【完】溺愛恋愛マイスターにぞっこん?! 〜仔猫なハニーの恋愛奮闘記〜



「とりあえず…メシ、食いに行こう?こう見えて、腹ぺこなんだ。そこでちゃんと話そう?」

「あ…うん」


気付けば、帰宅したのと同時のままで一歩も部屋の奥へと入っていなくて、私は自分の行動に今更ながらに赤面した。

彼は、ウォークインクローゼットに入り込んで、鼻歌交じりに出かける用意をする。
私は、それを聞きながら、一連の行動で少しシワになってしまったワンピースをなんとか元に戻すように、奮闘した。

そこに、宅配便が届く。
宛名は彼の名前だったから、サインは少し悩んだ後、「大原」と書いて渡した。
すると、それに気付いたのか、彼が楽しげに名前を呼んでくる。


「水美ー?」

「うん?」

「開けて見て?」

「…?はーい」


言われるがままに、宅配のお兄さんが持ってきた大きめの箱を開けると、そこには鮮やかなグリーンのワンピースが入っていた。


「これ…?」

「今まで一年頑張った水美へプレゼント。水美は、ローズも似合うけどこういうフレッシュなカラーも似合うだろうと思って。
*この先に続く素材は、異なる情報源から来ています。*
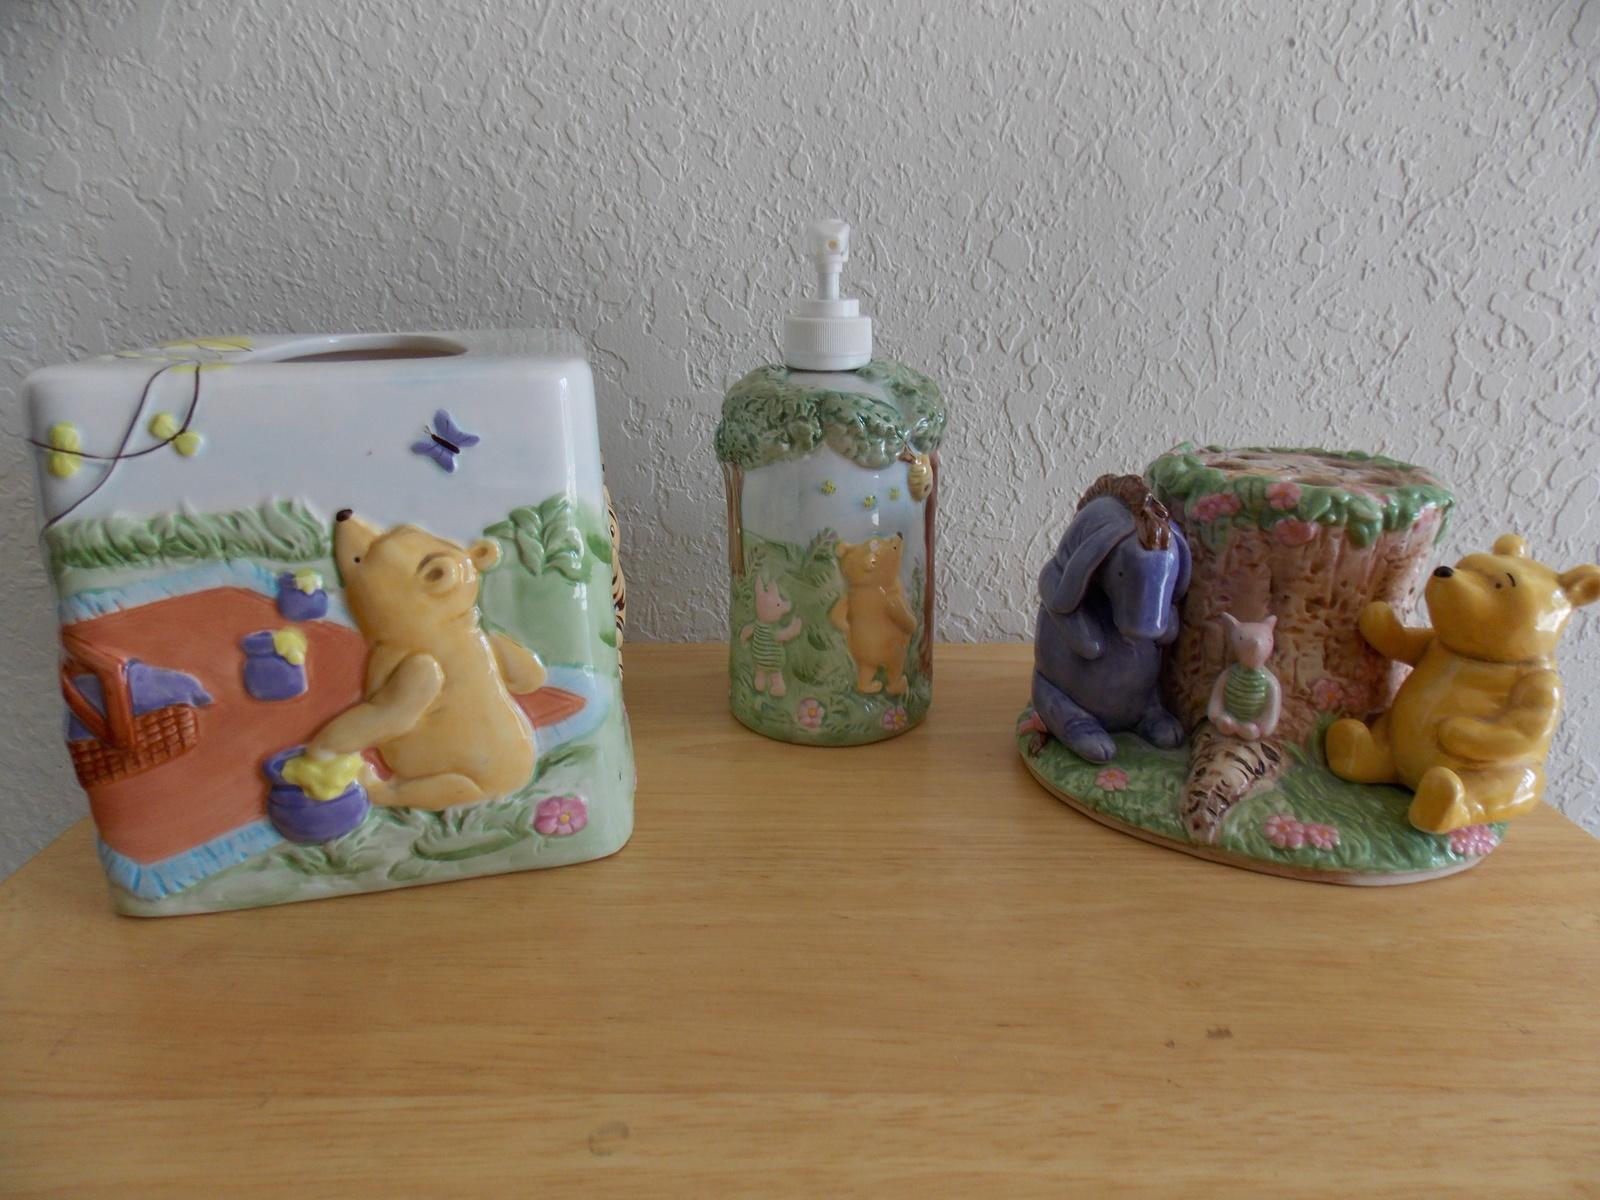 Disney Classic Winnie The Pooh 3pc Ceramic Bathroom Accs Set Other

櫻井に頼んどいた。」

「…櫻井さんに?」

「そ。『勝負服になりそうなやつ』って。そしたら、これだって写メがきてさ。もう俺の一目惚れってやつ?」

「…嬉しい」

「なら良かった」


ぽんぽん


そう言うと彼は、いつものように私頭を撫で、それからまた支度をするのに部屋の奥へと戻ってしまう。


「水美も、それを着ていけばいいよ」

「うん!そうする!」


見れば見るほど、綺麗なエメラルドグリーンのワンピース。
私は気を良くして、彼の鼻歌にハモるように歌いながら、それに袖を通した。